Wednesday, March 11, 2020

German Chocolate Pie







German Chocolate Pie






An easy and delicious recipe for German chocolate pie.

Ingredients
  • Pastry for single-crust pie (9 inches)

FILLING:
  • 1/3 cup sugar
  • 2 large egg yolks
  • 1 tablespoon butter
  • 3 tablespoons cornstarch
  • 1 teaspoon vanilla extract
  • 4 ounces German sweet chocolate, chopped
  • 1-1/2 cups whole milk

TOPPING:
  • 1 large egg, lightly beaten
  • 1/4 cup butter, cubed
  • 1/2 cup chopped pecans, toasted
  • 1/2 cup sugar
  • 2/3 cup evaporated milk
  • 1-1/3 cups sweetened shredded coconut, toasted

Instructions

First, preheat the oven to 400 °. On a lightly floured surface, roll out the pastry dough into a 1/8 inch thick circle; transfer to a 9 inch. pie plate. Cut the dough 1/2 inch beyond the edge of the plate; edge of flute.

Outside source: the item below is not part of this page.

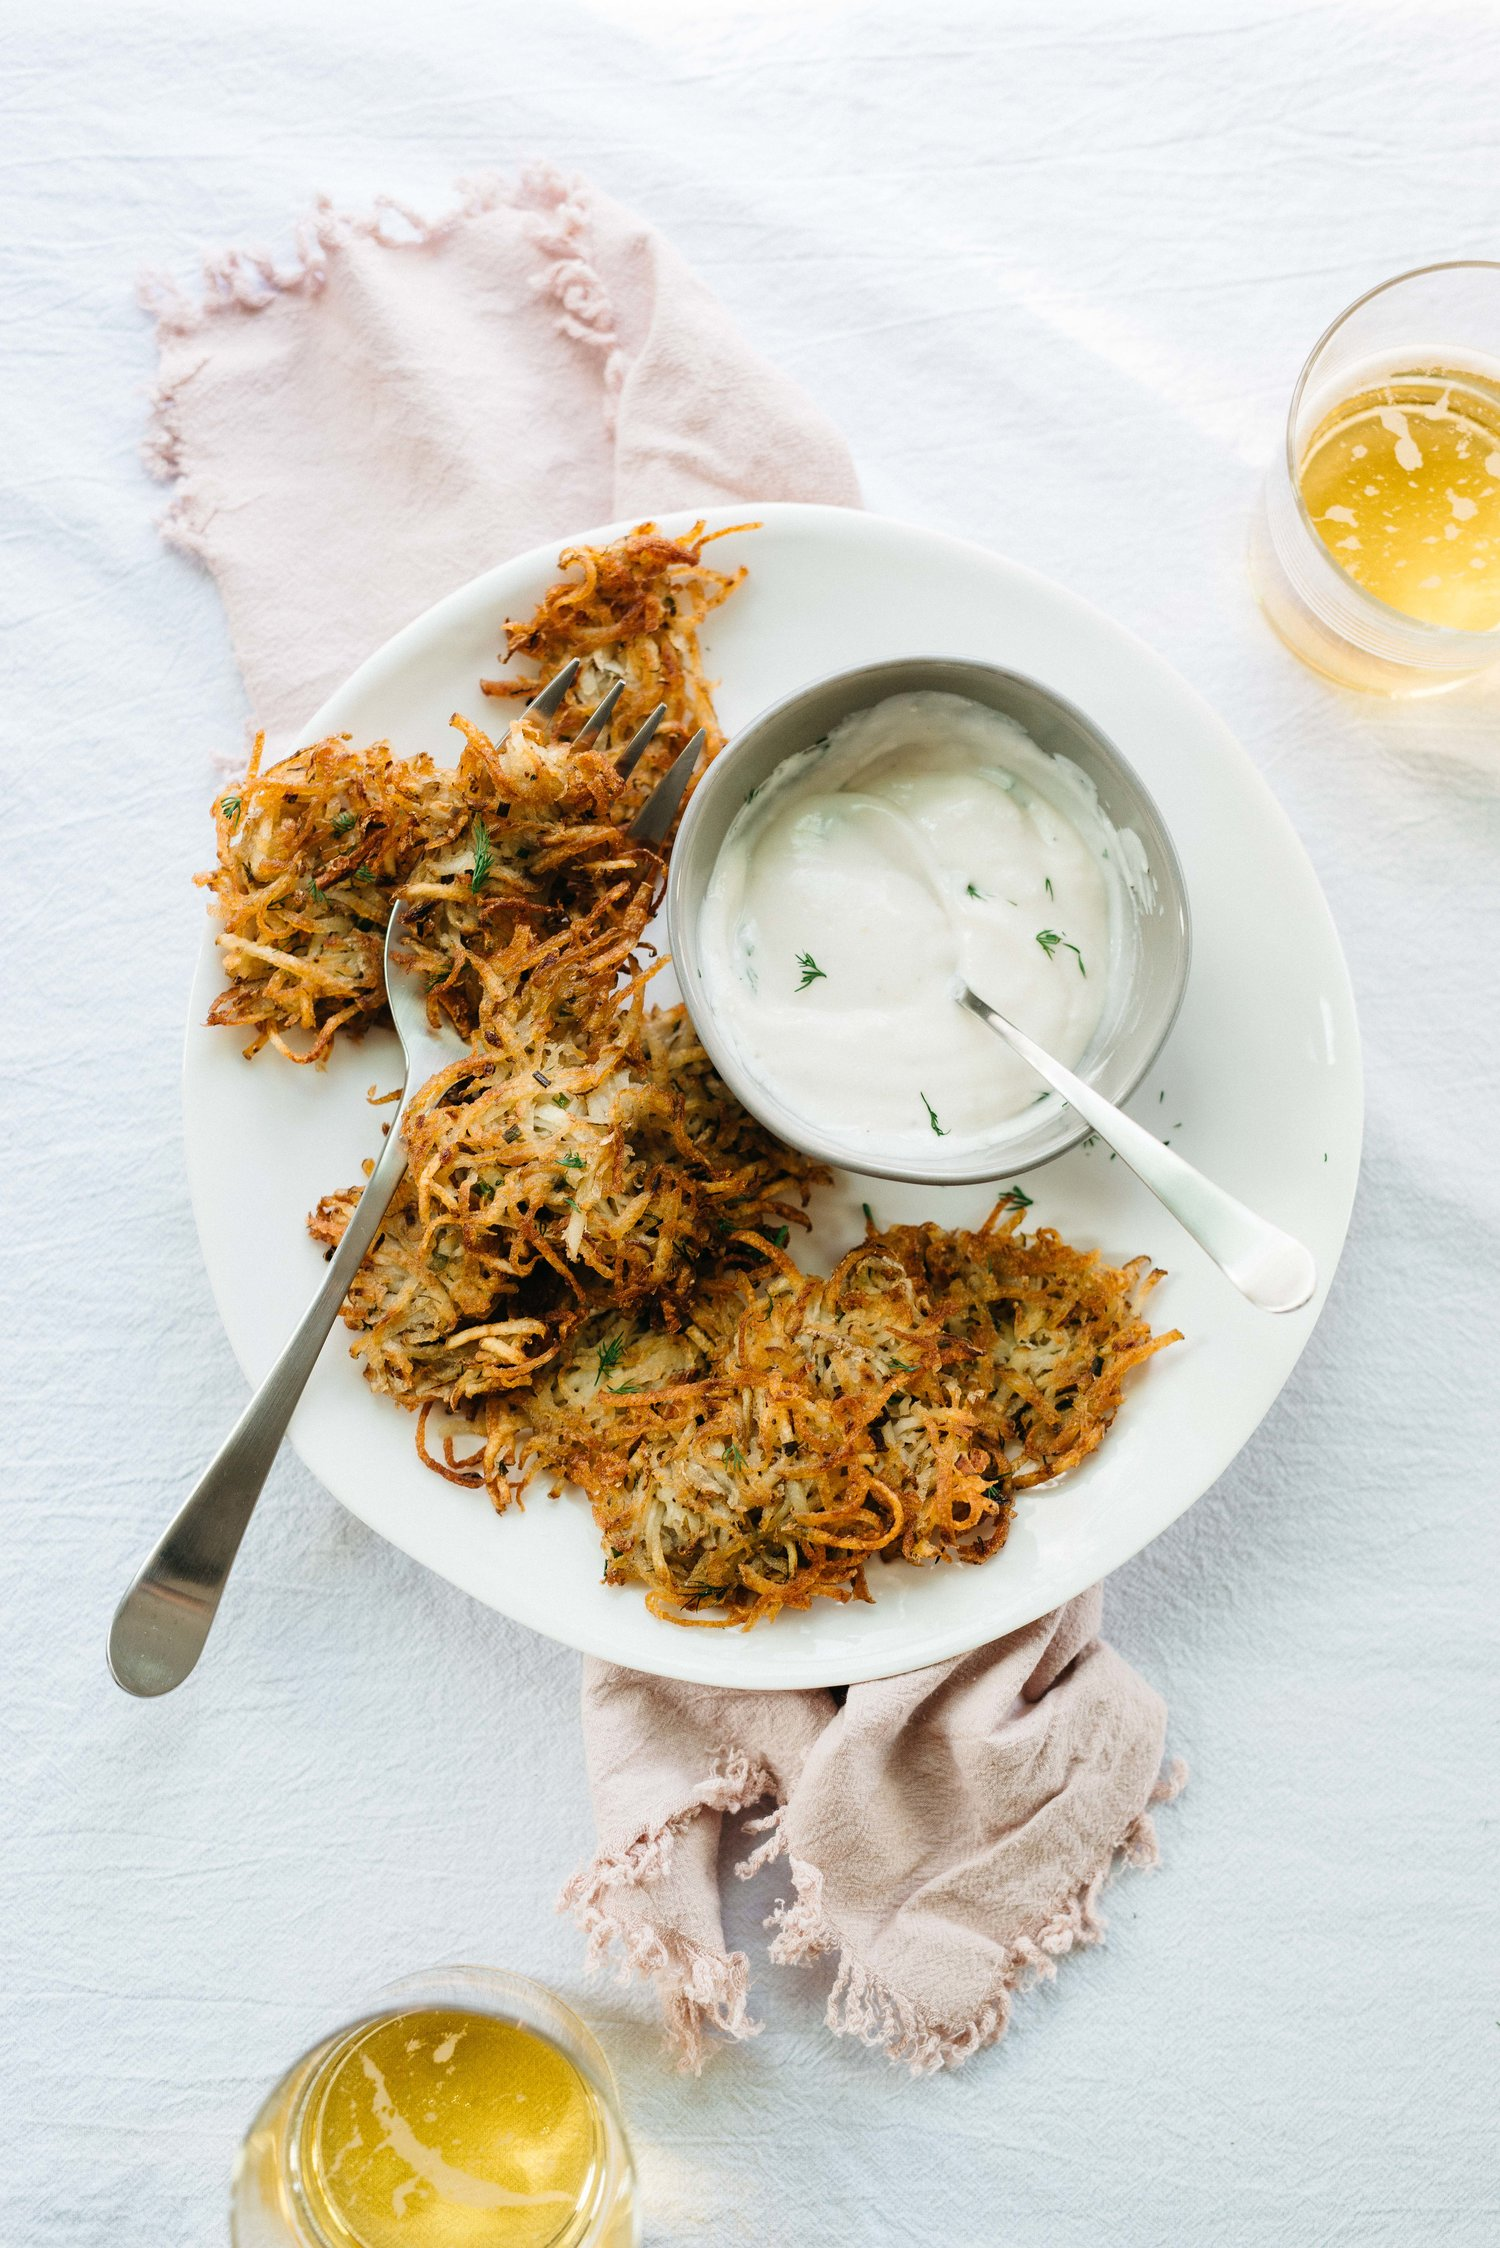 potato latkes w/ horseradish, shallots & herbs

Then, line the unpitted dough with a double layer of aluminum foil. Fill with pie weights, dry beans or uncooked rice. Cook 25 minutes. Remove the aluminum foil and the weights; cook 4 to 6 minutes longer or until golden. 
Let cool on rack.

To garnish, in the microwave, melt the chocolate and butter; stir until smooth. Stir in vanilla. In a small thick saucepan, combine the sugar and cornstarch. Whisk in the whole milk. Cook and stir over medium heat until thickened and bubbles forming. Reduce the heat to low; cook and stir 2 more minutes. Remove from fire.

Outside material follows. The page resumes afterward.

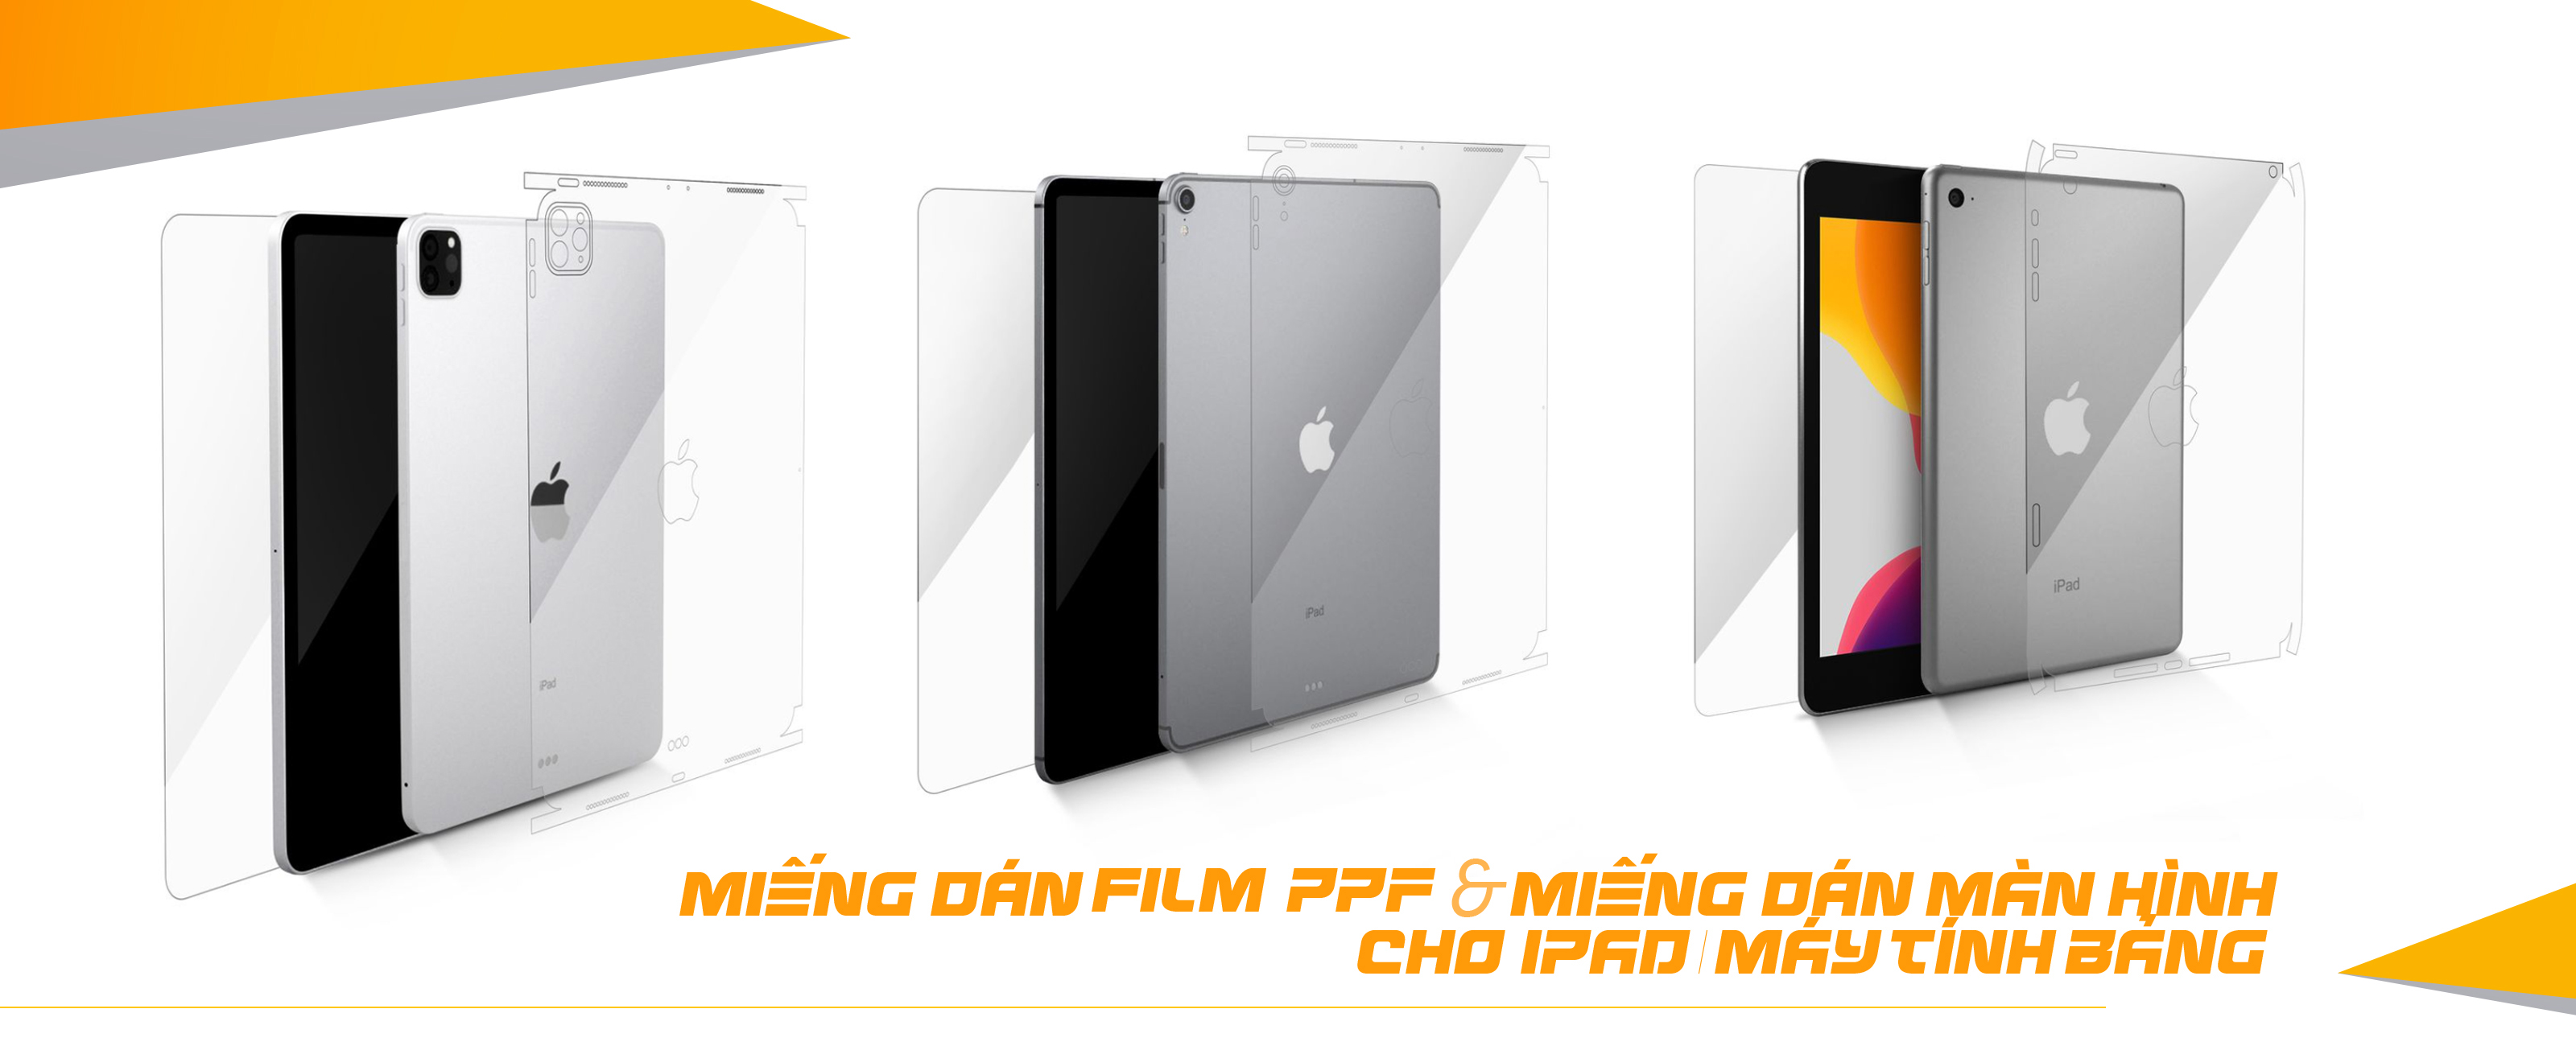 Miếng Dán Film PPF Cho IPad & Máy Tính Bảng

In a small bowl, whisk a small amount of hot egg yolk mixture; return everything to the pan, whisking constantly. Boil gently; cook and stir 2 minutes. Remove from fire. Stir in the chocolate mixture. Pour into the crust.

For the garnish, in a small saucepan, combine the evaporated milk, sugar and butter. Cook and stir until the butter is melted and the mixture comes to a boil. Remove from fire.

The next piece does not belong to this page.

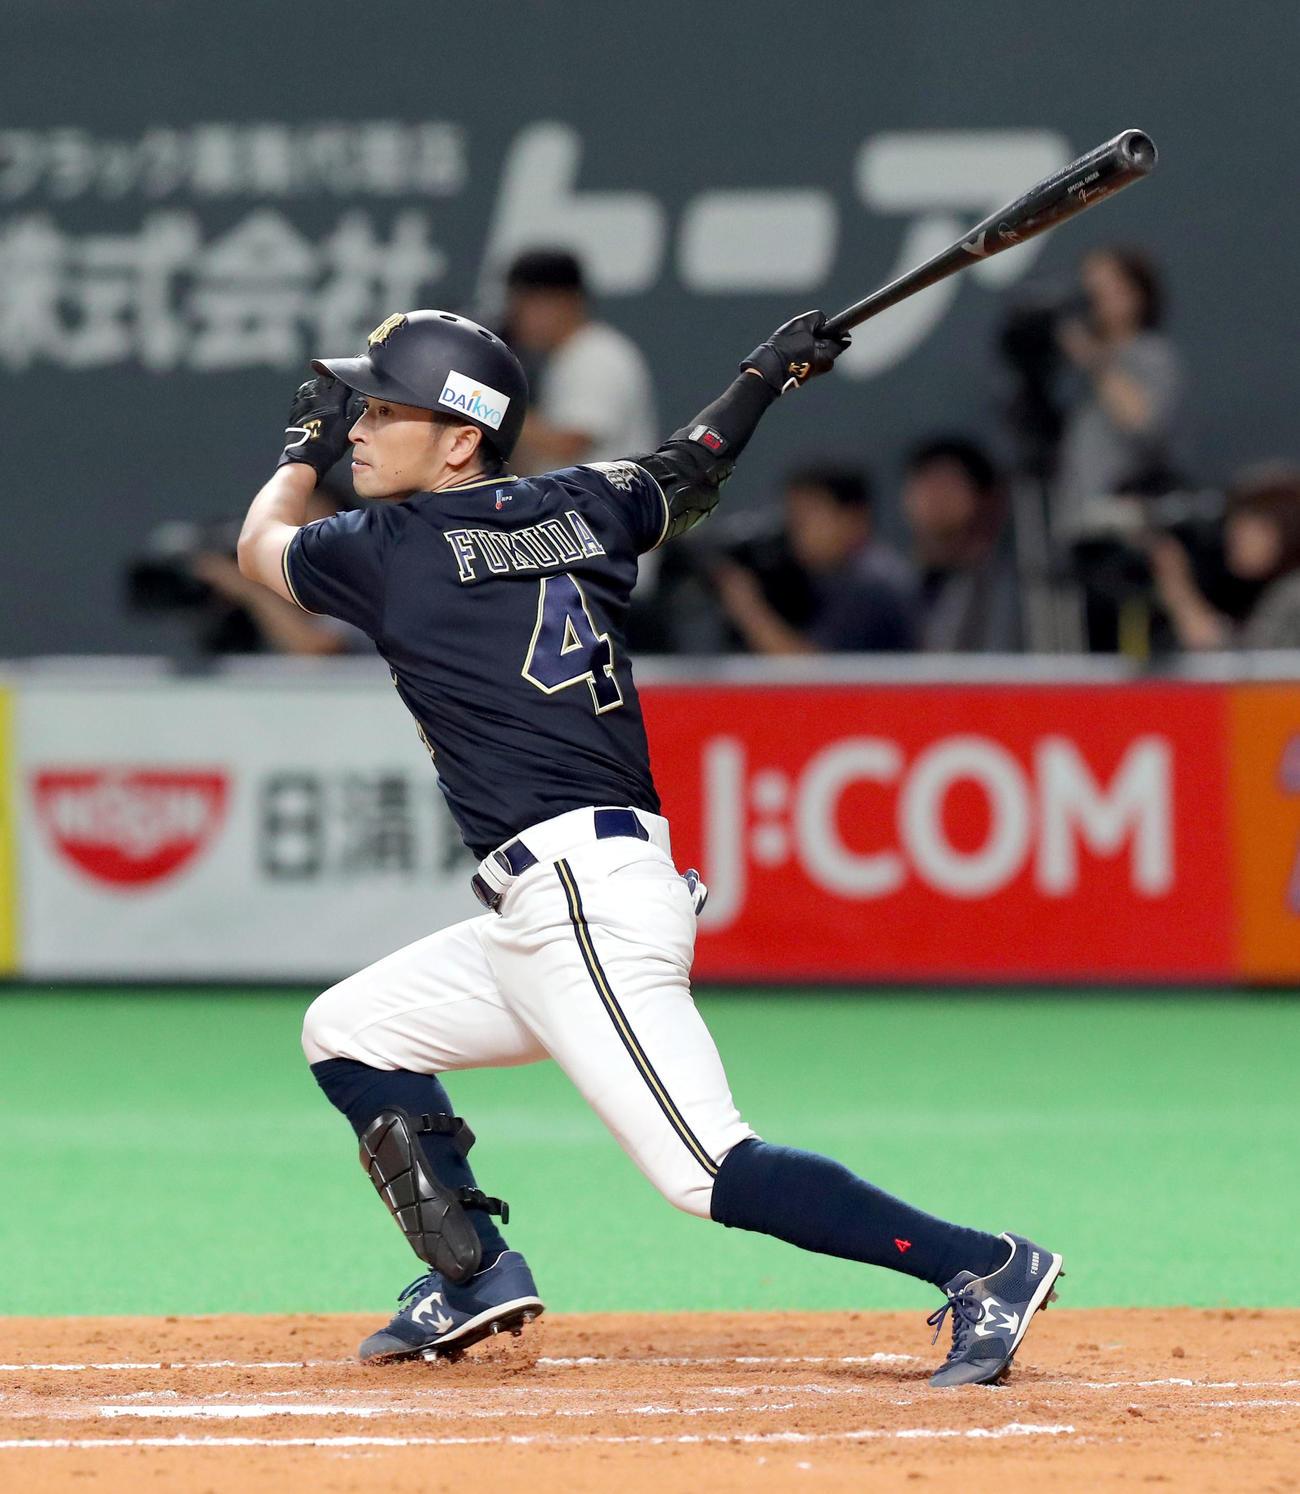 オリックス福田周平(19年9月27日撮影)

In a small bowl, whisk a small amount of hot mixture in the egg; return everything to the pan, whisking constantly. Boil gently; cook and stir 2 minutes. Remove from fire. Stir in coconut and pecans. Pour over the filling.

Fresh pie 30 minutes on a wire rack. Refrigerate, covered, until cold, at least 3 hours.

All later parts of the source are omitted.